Troubleshooting high ingress request times

This document (000020014) is provided subject to the disclaimer at the end of this document.

Environment

An RKE or RKE2 cluster
Use of the Nginx Ingress Controller

Situation

This article aims to provide steps to gather and analyse data to help troubleshoot ingress performance issues.

Resolution

Review request times

To narrow down on which requests are taking the longest, analyzing the ingress-nginx logs is very helpful.

Retrieve requests with a high (>2s) upstream_response_time. This log field represents the time taken for the response from the upstream target - the pod endpoint in the service.

kubectl logs -n ingress-nginx -l app=ingress-nginx -f --tail=2000 | awk '/- -/ && $(NF-2)>2.0'

The same can be done for request_time, this represents the time taken to complete the entire request, including the above upstream_response_time.

kubectl logs -n ingress-nginx -l app=ingress-nginx -f --tail=2000 | awk '/- -/ && $(NF-7)>2.0'

Please adjust the time to suit, where >2.0 will filter for any times greater than 2.0 seconds.

Comparing the diference in timings between request_time and upstream_response_time can help to understand the issue further:

Locate any potential upstream targets (pods), or nodes these may be running on, that are frequently associated with a higher upstream_response_time
If all upstream targets in a particular ingress/service are experiencing higher response times:
- What dependencies does the application have?
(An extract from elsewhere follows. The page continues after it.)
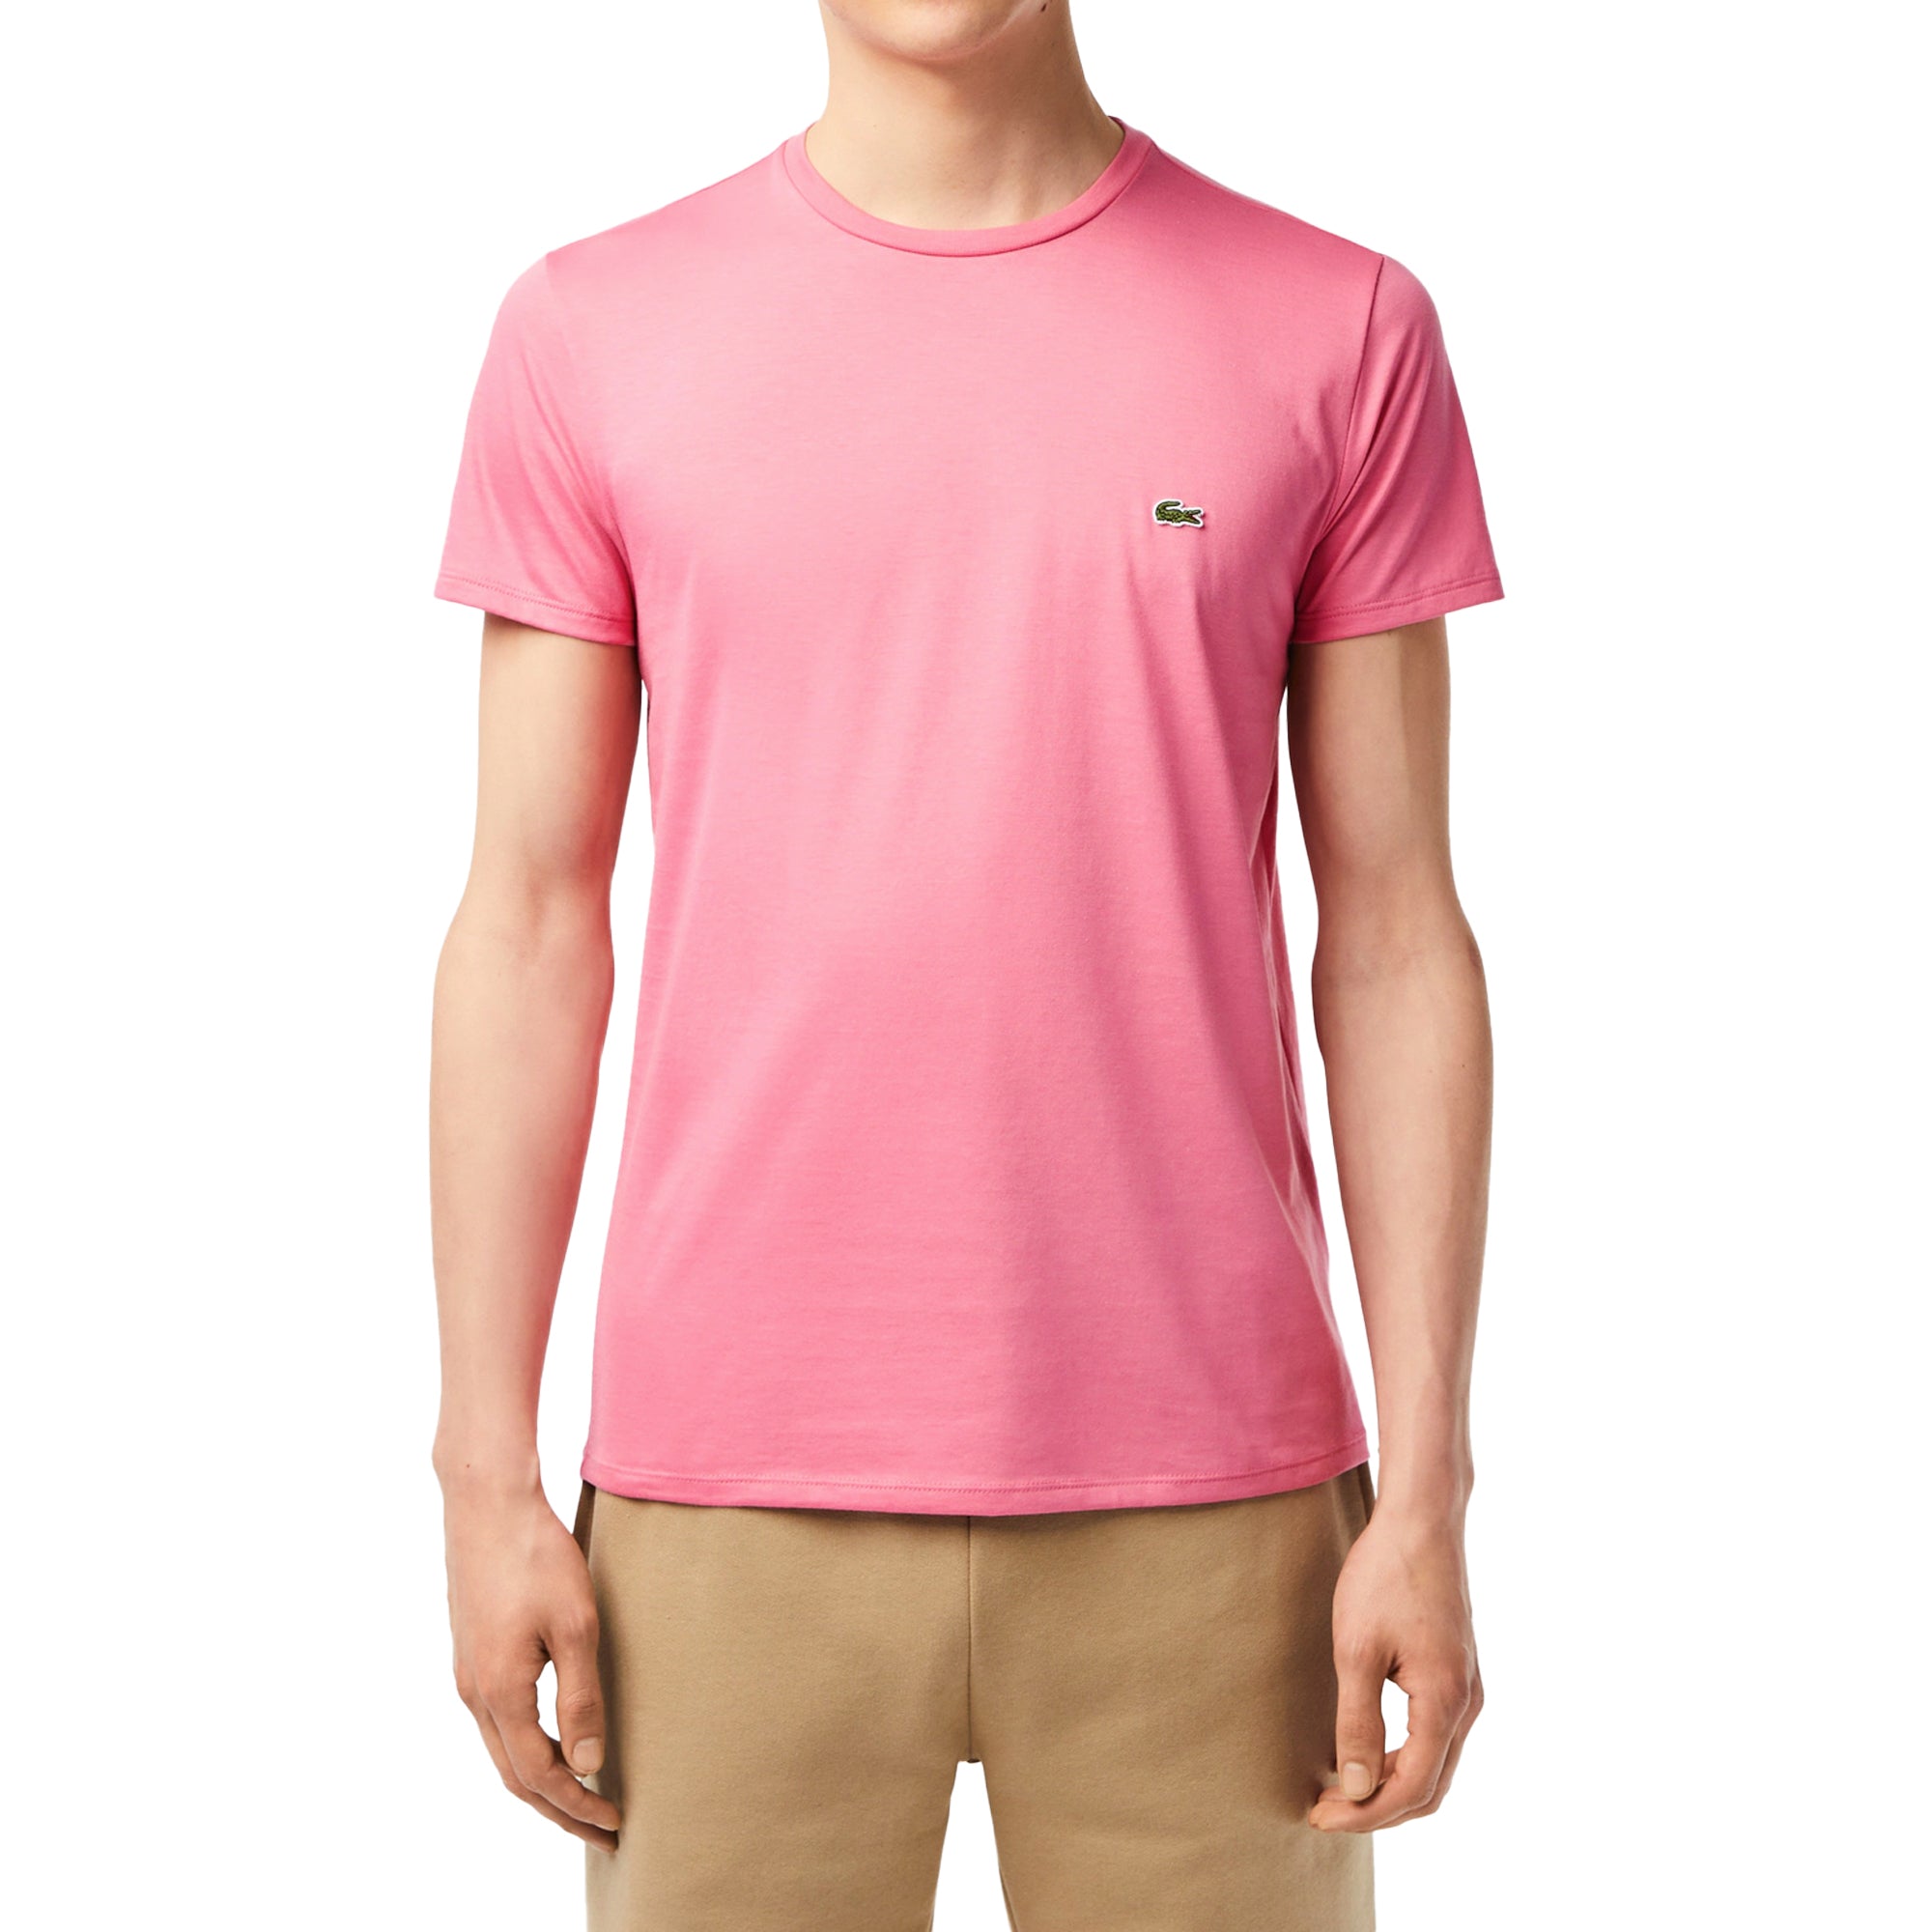 Reseda Cotton Lacoste TH6709 - Pima T-Shirt Pink

For example, external APIs, databases, other services, etc - Investigate the application logs - Simulate the same requests directly to pods to bypass ingress-nginx, are they also slow?

If the upstream_response_time is much lower than request_time, the time is being spent elsewhere, check any tuning, performance or resource issues on the nodes

Note: The request_time metric is also used to create the ingress controller graphs when Cluster Monitoring is enabled.

Review request details

Along with the output in the previous step, it is also useful to analyse the request details, such as the request itself, source/destination IP address, response code, user agent, and the unique name for the ingress for common patterns.

You may need to review these with the related application teams. For example, a request to retrieve a large amount of data, or perform a complex query may genuinely take a long time, these can potentially be ignored.

Some requests may be opening a websocket, and in the scenario that the service scales up/down regularly, a small number of upstream targets could have a long-running connection creating an unfair distribution to occur on these targets.

It's also worthwhile to consider the time when the issue occurs, the number of pods in the service, performance metrics, and requests/limits in place. For example, do the requests occur during a peak load time? Is HPA configured to scale the deployment? Is monitoring data available to identify trends and correlate with the logs?

Check ingress-nginx logs

With the focus previously on requests themselves, it is also useful to exclude the access logs and ensure there are no fundamental issues with ingress-nginx.

The following command should exclude all access.log output, retrieving output from the ingress controller and the nginx error.log only.

kubectl logs -n ingress-nginx -l app=ingress-nginx -f --tail=100 | awk '!/- -/'

Please adjust the --tail flag as needed, this example retrieves the last 100 lines from each ingress-nginx pod.

Real-time view of all requests

Another option to get a broader overview is using a tool like goaccess. After installing the package, the below can be used to feed ingress-nginx logs to goaccess to get a real-time view of the logs.

kubectl logs -f -n ingress-nginx -l app=ingress-nginx --tail=2000 | goaccess --log-format="%h - - [%d:%t] \"%m %r %H\" %s %b \"%R\" \"%u\" %^ %T [%v]" --time-format '%H:%M:%S %z' --date-format "%d/%b/%Y"

Please adjust the history of logs with the --tail flag.

Measure requests to ingress-nginx

If you have isolated all areas so far, it might be worthwhile to focus on the Load Balancer or network devices that provide client access to ingress-nginx.

The following articles contain curl commands to perform SNI-compliant requests and measure statistics, these requests could also be compared from the ingress-nignx logs (as above) to understand what portion of the time was spend with ingress-nginx handling the request.

You may also be able to obtain metrics from your Load Balancer or infrastructure to troubleshoot this further.

Additional Information

Disclaimer

This Support Knowledgebase provides a valuable tool for SUSE customers and parties interested in our products and solutions to acquire information, ideas and learn from one another. Materials are provided for informational, personal or non-commercial use within your organization and are presented "AS IS" WITHOUT WARRANTY OF ANY KIND.